While there is no useful handout to guide you through the rooms—nor to prepare your thoughts via reading at home—the introductory time-line and wall labels adjacent to the exhibition’s entrance are particularly useful. They help provide a mental schemata for the meandering, mazelike sequence of galleries (starting with long parallel screens of black and clear plastic that come from Allen’s O-AR 2) that is initially confusing. The show is mainly about documentation—especially of works by the participants (Dadson, Barber, Lyons, Allen) in the AAG performance festival Four Men in a Boat (1974).
Groundswell only occasionally (with Maree Horner and Roger Peters) has the experiential magic of say Allen’s remade installations and performances presented at Michael Lett Gallery and ST. PAUL St Gallery a few years ago, and it is deliberately without the wider national sweep of the Action Replay survey which looked at seventies projects in the nineties. However it radiates something else. It showcases the encouragement of an investigative curiosity: different minds communally prodding the limits of what art might be, or—in co-ordination—what the world might be.
This sprawling exhibition proffers an abundance of archival material for you to sort though, and outside the show there is also much supplementary published material around in circulation—especially on Dadson, Barber and Allen. A lot of the actual exhibits are text, which all in one go is pretty exhausting, so you need several visits to methodically dip in. There is copious informational detail on the preplanning of work—but also much enigmatic, mysterious (even spontaneous and humorous) stuff as well: despite the common use of systems. It is not dry.

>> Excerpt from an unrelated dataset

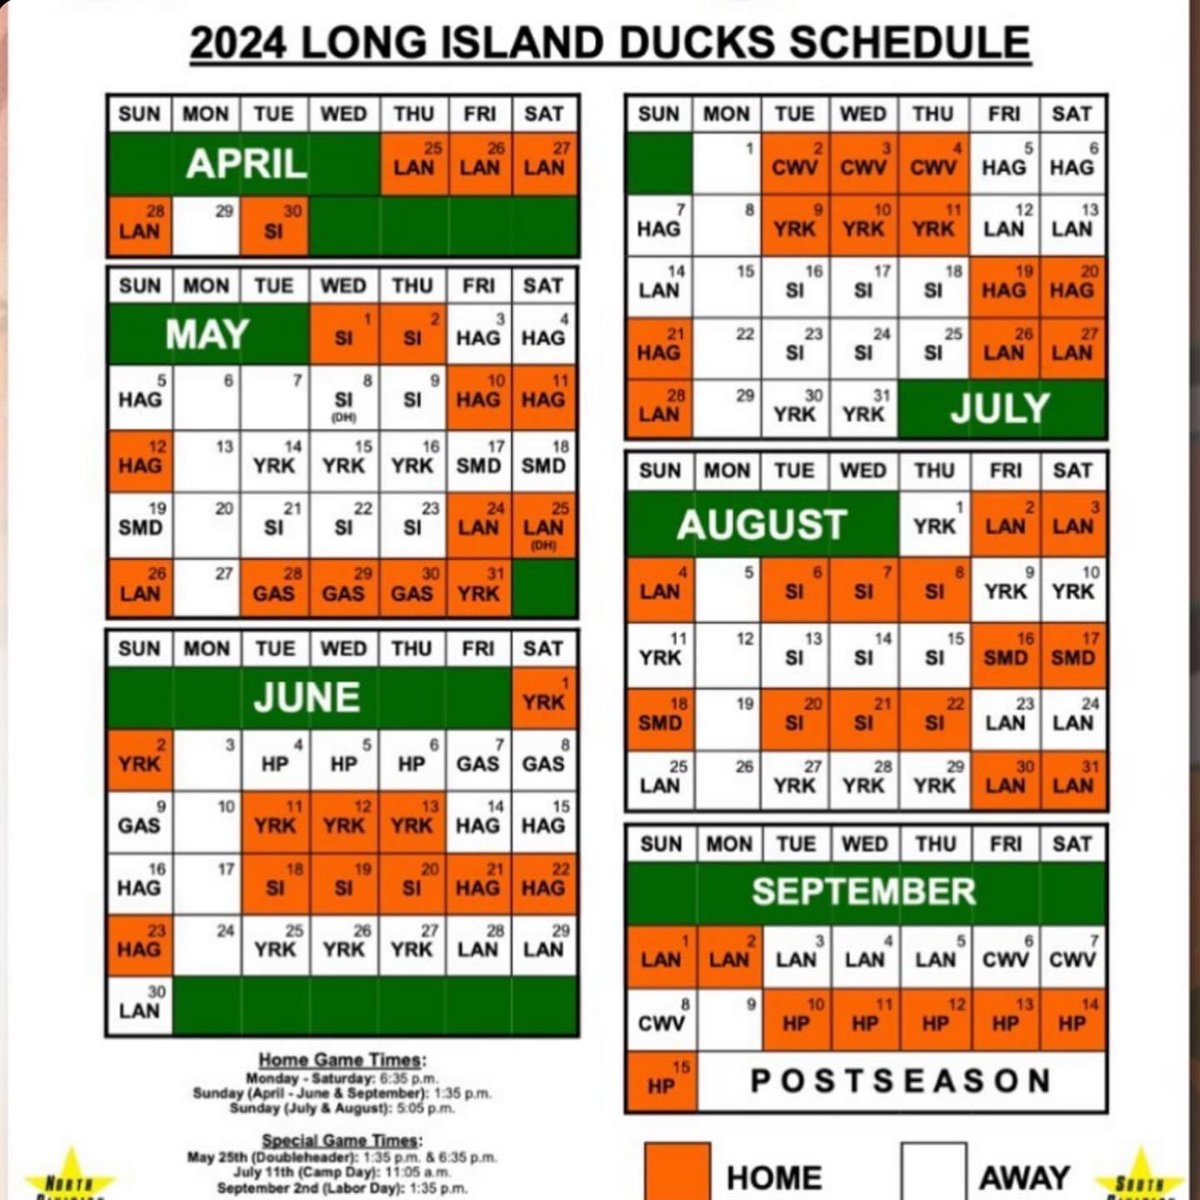 You know summer is almost here when the @LIDucks season starts! ☀️⚾️🦆 #discoverlongisland Lots of exciting events happening at the ballpark this month! Get your tickets now! 🙌 🍔 “Tap Room Fridays” @taproomofficial 🎆 5/11: Fireworks Spectacular 🥞 5/12: Mother’s Day…

And you can easily see some of the influences (say, Dziga Vertov on Matthew McLean, Carolee Schneemann on Jim Allen), such processes essential for inspiring a climate of community research revolving around Elam and the then Auckland City Art Gallery. This vibrancy is captured in some wonderful videos from Spill, McLean, Hall and Allen.

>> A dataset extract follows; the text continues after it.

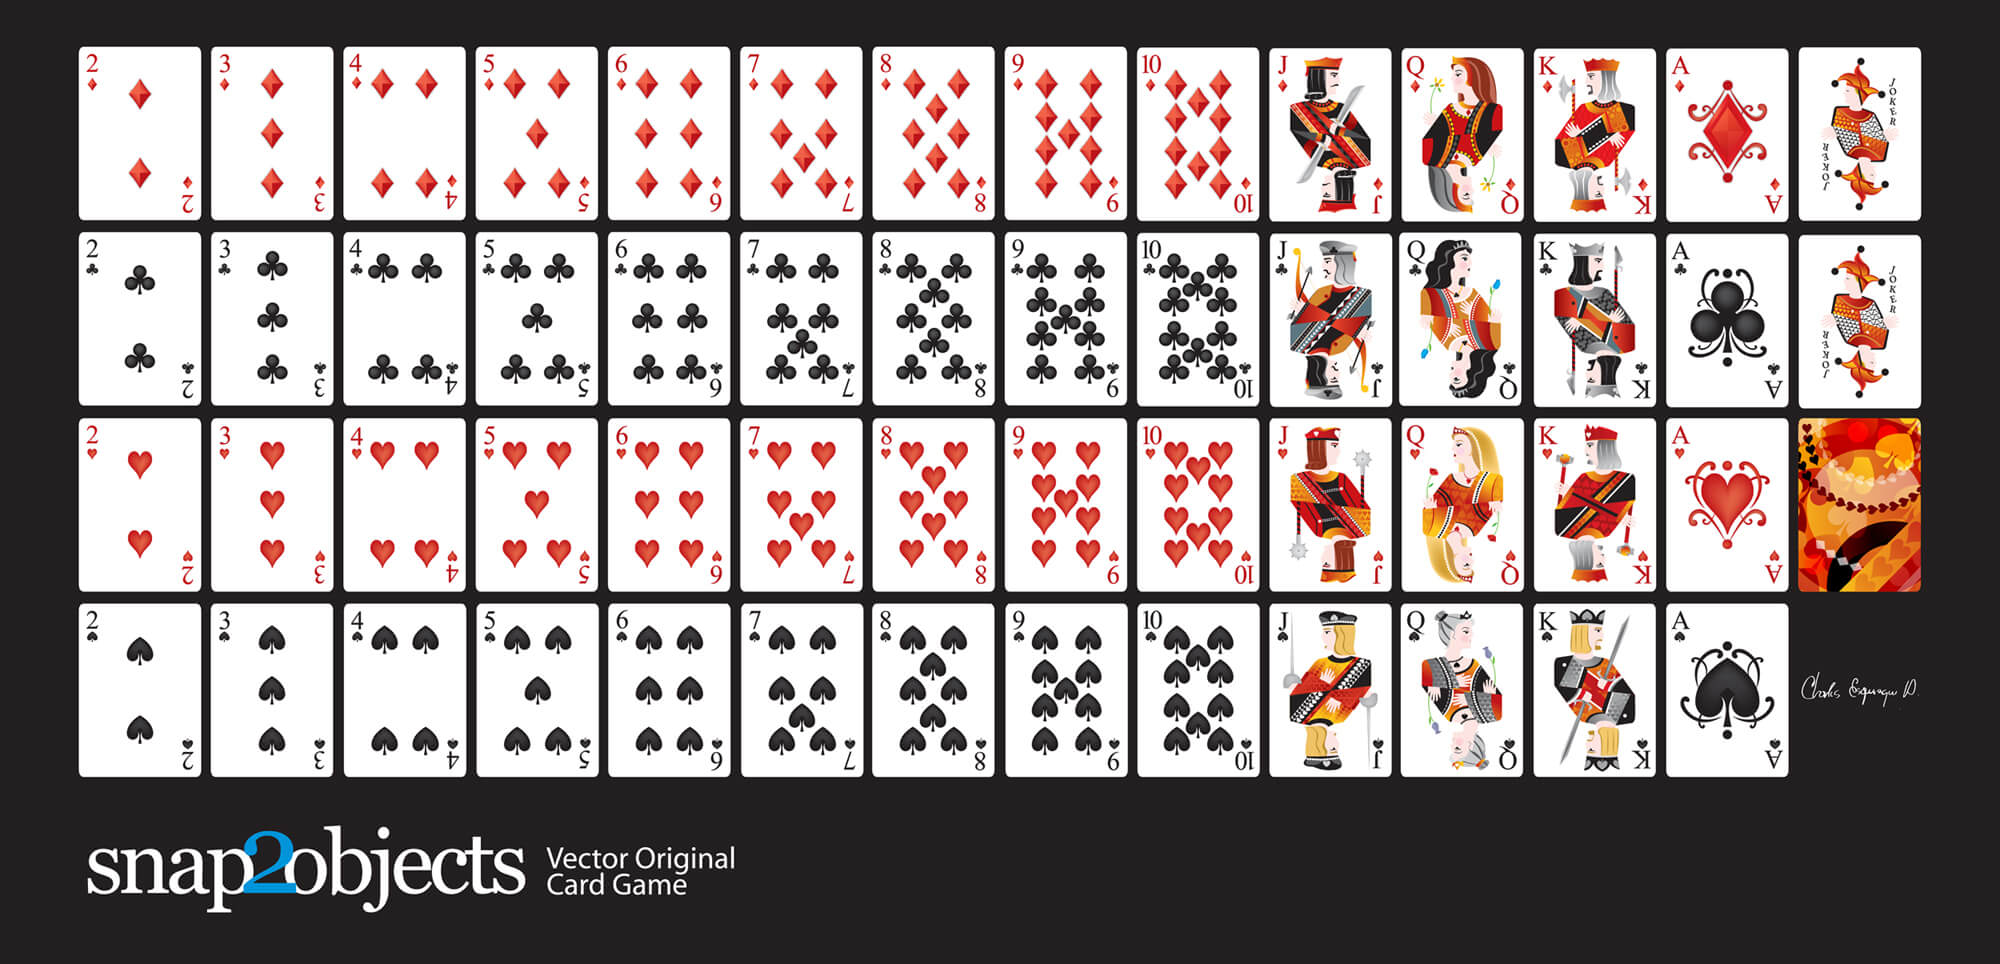 Playing Card Vector Art At Getdrawings | Free For For Playing Card Design Template

Out of a very diverse pool of artworks, those that (for me) had the most vivid emotional impact were Matt McLean’s cleverly filmed and carefully edited video of himself cycling around inner city Auckland, Jim Allen’s documentation of his News and Poetry for Chainsaws performances (and his Arena sculpture in the outdoor sculpture court), Roger Peters’ sagging but swaying—and very dangerous—hot wire ‘breasts’, Maree Horner’s hilariously dysfunctional (and potentially lethal) diving board, and Hannah Valentine’s live ‘translation’ of Bruce Barber’s Bucket Action performed in the gallery atrium on a December Sunday afternoon. Hither-to little known Auckland artists not included in Action Replay (like Kimberley Gray and Malcolm Ross) were of special interest.
I tend to be attracted to simplicity over complexity, and so favour Fluxus-inspired immediacy over elaborate orchestration and comparatively convoluted performance/sculptural structures. Consequently, Matt McLean or Jim Allen’s solo works focussing on a core idea are preferred over (for instance) Kieran Lyons or Bruce Barber’s more complicated procedures. What is interesting are the discernable thematic (like bodily risk) or procedural threads connecting Allen with say Horner, Peters and Nicol.
This is an excellent show for exploring the influential innovative mindsets of forty years ago, a display bursting with ideas that still have relevance for the global economic scenario we find ourselves part of today. It’s a wonderful opportunity for Auckland contemporary art lovers who are too young to have seen Action Replay, and a chance for re-evaluation for those older. It also should encourage flurries of new research in the (AAG’s) E. H. McCormick and (city) townsite libraries.